JUAN GONZALEZ: Paul, I’d like to ask you, who runs P.H.S.? Who are the — I mean, there are obviously individuals behind these companies. Is it part of a larger corporation, and how did it develop?
PAUL VON ZEILBAUER: Yeah, well, Prison Health Services was founded in 1978, not coincidentally, I believe, two years after the Supreme Court ruling that Dr. Cohen mentioned that required adequate medical care to be provided to all inmates. So, you know, there was an opportunity there, because governments weren’t interested in it, and in providing it necessarily. I mean, they had to, but they weren’t eager to. Companies like Prison Health evolved, and currently the company — make sure I get this right, Prison Health Services is a — there’s a holding company that basically owns Prison Health Services. The holding company is called America Service Group. Its stock ticker is A.S.G.R. It’s based in Tennessee. Under the America Service Group umbrella, there is Prison Health Services, and there is a pharmacy operation called Secure Pharmacy Plus, which, you know, is a complementary business because the pharmacy provides the medicines to the jails and prisons where P.H.S., Prison Health Services has contracts. So, it — you know, the — it’s a public corporation. You can go on the S.E.C. website or anywhere else — or your Ameritrade account, for that matter, and look up the company’s performance and who owns it. It’s a regular public company.

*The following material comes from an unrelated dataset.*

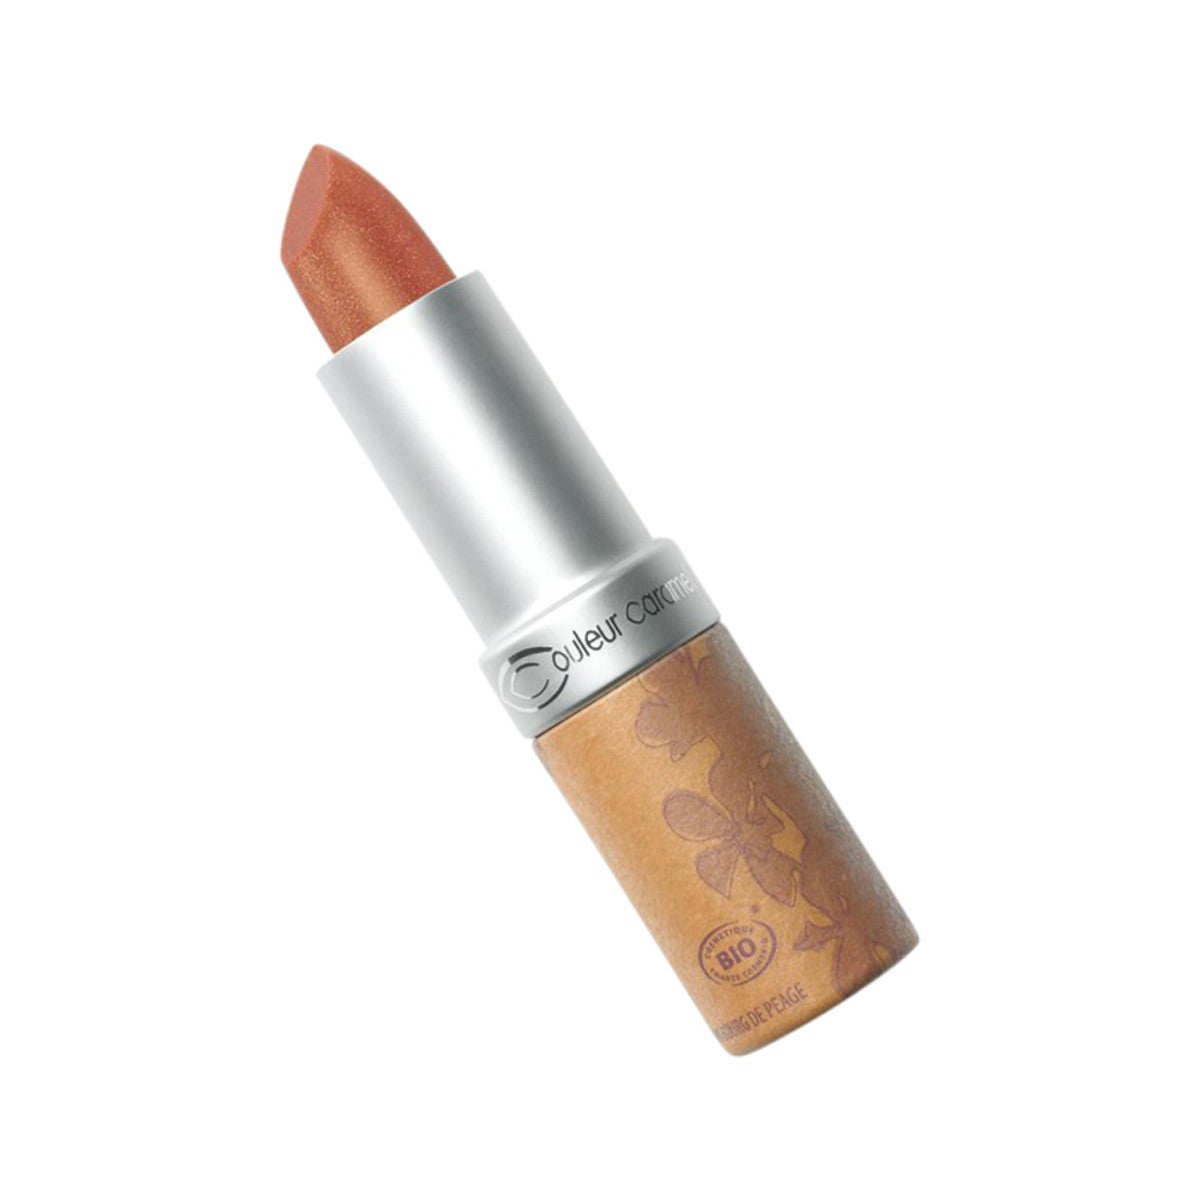 Couleur Caramel - Lipstick Pearly Sublime Peach (237)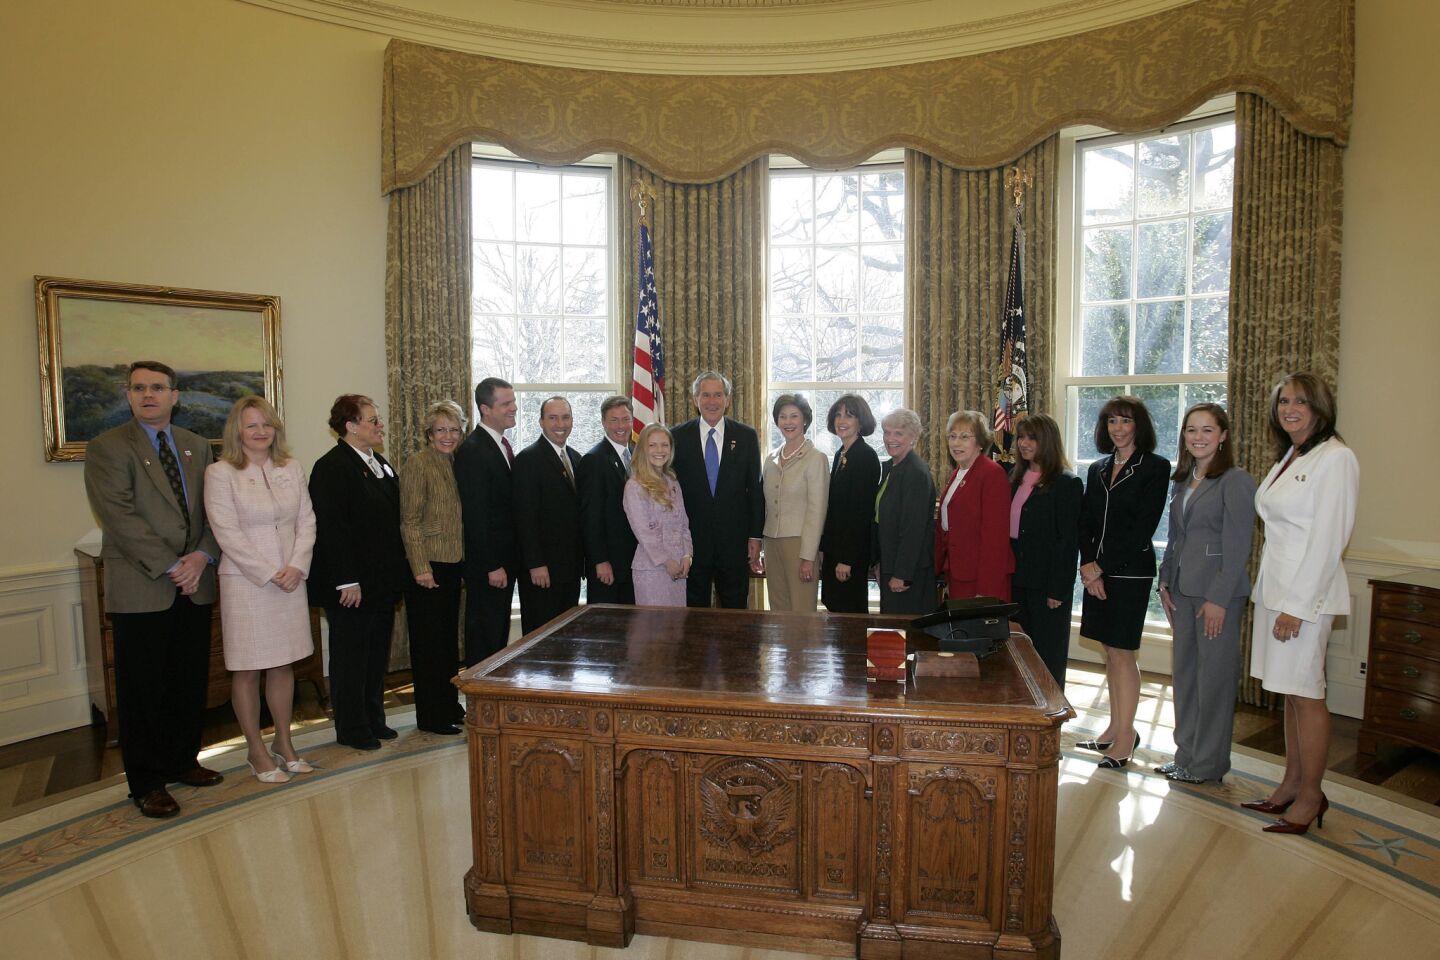 In the Oval Office

AMY GOODMAN: Just ending with Barbara Ferguson. What are you calling for right now in the death of your brother?
BARBARA FERGUSON: At this point, my family, meaning myself and my parents, we are not doing any legal action. My nephew is doing that. He, I believe, and Paul, you can verify this, because you probably have more information. They are trying to settle a suit, I believe, with Prison Health Services. But what we really, really want is that, to go along with Paul, to help these people be aware.
PAUL VON ZEILBAUER: This, I mean, as Dr. Cohen mentioned, it’s just — you know when you go into jails and prisons, it’s by almost necessity, but certainly, there is not a lot of sunlight shed on these institutions.
AMY GOODMAN: Well, thank you for doing some of that with your series, "Harsh Medicine." I want to thank you, Paul von Zeilbauer for joining us, reporter for The New York Times, wrote the series in the paper.
PAUL VON ZEILBAUER: Sure.
AMY GOODMAN: Dr. Robert Cohen, federal court-appointed doctor, who monitors health care in prisons and jails, and Barbara Ferguson, sister of Brian Tetrault, who is the prisoner with Parkinson’s who, denied proper medical care, died behind bars.